Cell culture media, fetal calf serum, and antibiotics were purchased from Gibco BRL (Eggenstein, Germany). Synthetic human ANP, human urodilatin, human BNP, and human CNP were obtained from Peninsula (St. Helens, UK). Human guanylin was from Bachem (Heidelberg, Germany), and human uroguanylin was from Immundiagnostik (Bensheim, Germany). [125I]-iodo-human ANP99–126 (specific activity 2000 Ci/mmol) was obtained from Amersham (Braunschweig, Germany). Sodium nitroprusside (SNP) was purchased from Merck (Darmstadt, Germany). All other chemicals were from Sigma (Deisenhofen, Germany).

Cell culture

Human embryonic kidney (HEK 293) cells were grown in Dulbecco's modified Eagle's medium/Nutrient Mix F12 (1:1) supplemented with 10% fetal calf serum, penicillin G (100 U/ml) and streptomycin sulfate (0.1 mg/ml) in a humid atmosphere consisting of 95% air and 5% CO2 at 37°C. For experiments, cells were grown to near confluence on six-well plastic cell culture plates (approximately 106 cells per well). Plates had been precoated with poly-L-lysine (Mr> 300,000; 20 mug per well) to facilitate attachment of the cells to the plastic surface.

Secretion of natriuretic peptides from HEK cells

Cell culture medium from cells on six-well plastic cell culture plates (for each manipulation 3–6 wells) was aspirated. Then cells were washed twice with 2 ml prewarmed secretion-medium (140 mM NaCl, 4.3 mM KCl, 2.3 mM CaCl2, 0.5 mM MgCl2, 1.08 mM KH2PO4, 5.1 mM glucose, 0.3% bovine serum albumin, pH 7.4) and were subsequently incubated at 37°C in 1 ml of the same medium in the presence of 10 muM phosphoramidon, 10 muM amastatin, 2 mug/ml aprotinin and 0.2 nM rat Des-(gln18, ser19, gly20, leu21, gly22)-fragment 4–23 amide (C-ANP4–23) in order to prevent a loss of the immunoreactive signal caused by proteolytic degradation or binding of secreted peptides to NP clearance receptors. Multiple additions of these substances every 10 minutes were required because NP immunoreactivity soon declined after an initial rise in single dose experiments.
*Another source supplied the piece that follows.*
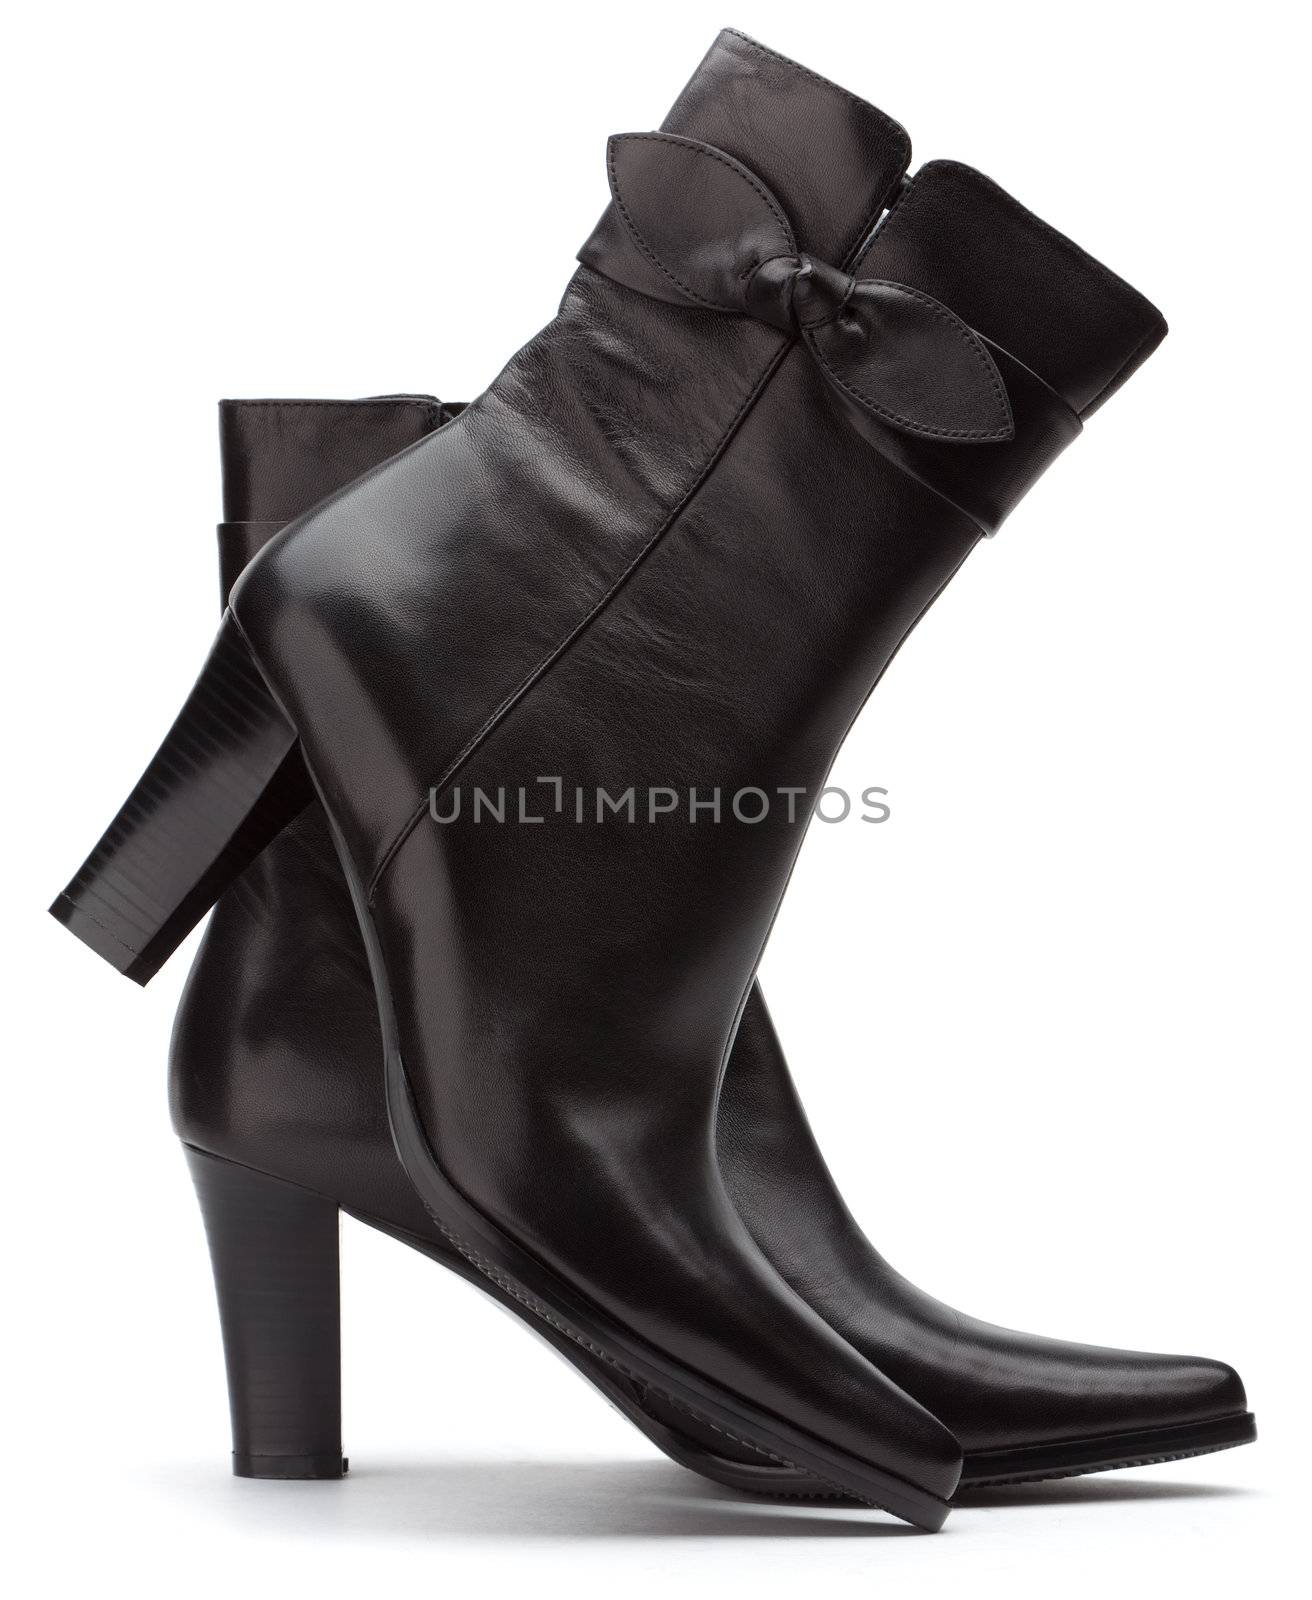 Ladies short black boots by Antartis

Cell culture supernatants were harvested by aspirating and were transferred into prechilled plastic tubes. The tubes were stored at –20°C until the determination of NP immunoreactivity in the supernatants. Cellular protein content was determined by the Lowry method22 and averaged between 0.9 and 1.6 mg per well.

Radioimmunoassays

Urodilatin was measured by radioimmunoassay with a specific urodilatin antibody displaying no cross-reactivity with ANP (ANP99–126), BNP, CNP, ANP prohormone, or shorter ANP analogues, as described before13. Because of limited availability of this specific urodilatin antibody and the fact that alternative commercial urodilatin antibodies could not measure urodilatin in cell supernatants because of matrix problems, only key experiments were performed using the urodilatin antibody. ANP immunoreactivity was determined by radioimmunoassay with a commercial ANP antibody (Amersham), which showed 100% cross-reactivity with synthetic human urodilatin.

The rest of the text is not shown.